The House of Commons respects your rights to privacy. In line with our responsibilities under the United Kingdom General Data Protection Regulation (UK GDPR) and Data Protection Act 2018, this Privacy Notice explains the personal data that we collect and how we use the information.

The Petitions site lets you start and sign petitions to raise issues with the UK Government and Parliament.

The Petitions service is provided by the Government and the House of Commons. We need to collect, process and store some personal data to enable you to do this.

A data controller determines how and why personal data is processed. The Cabinet Office (part of the Government) and the House of Commons are joint data controllers of this site.

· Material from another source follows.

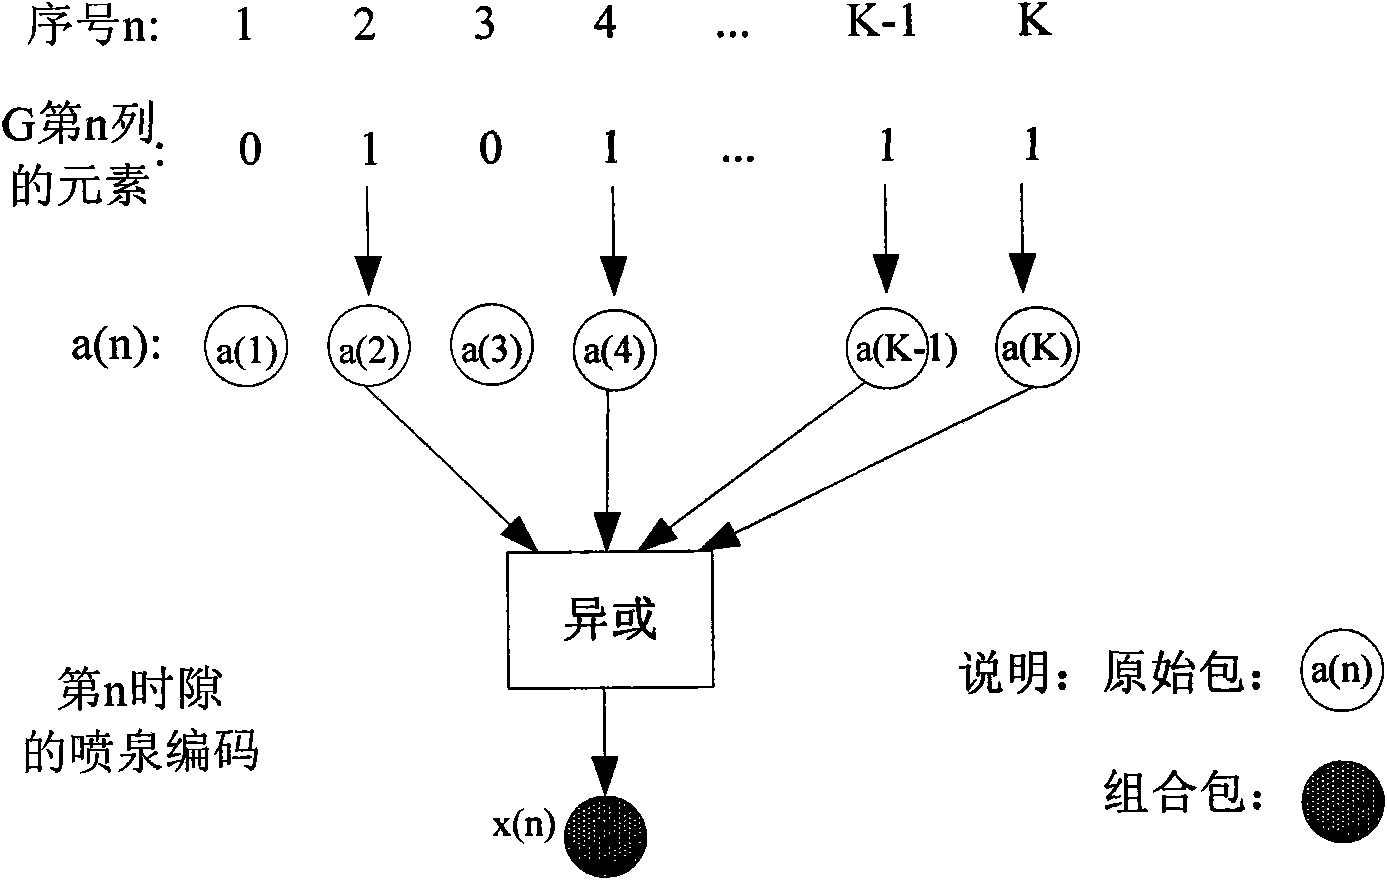 Self-adapting fountain code multicast transmission system based on modulation

Read the Cabinet Office’s entry in the Data Protection Public Register for more information.

Read the House of Commons entry in the Data Protection Public Register for more information.

The data controller for the House of Commons is the Clerk of the House.

What data we collect from you

The personal data we collect from people who start and sign petitions will include:

  • your name
  • your email address
  • your postcode
  • the country you live in
  • whether you are a British citizen
  • the IP address you use when starting or signing a petition

The legal basis for processing this data is public task – allowing you to raise issues with the UK Government and Parliament.

Why we need your data

We use this information to:

  • make sure that people only sign a petition once
  • check that you’re eligible to sign a petition
  • contact you about petitions you start
  • if you consent, email you updates about what happens in Parliament petitions you’ve signed

What we do with your data

If you start a petition and we accept it, your name will be published with the petition. We won’t publish any other personal information about you.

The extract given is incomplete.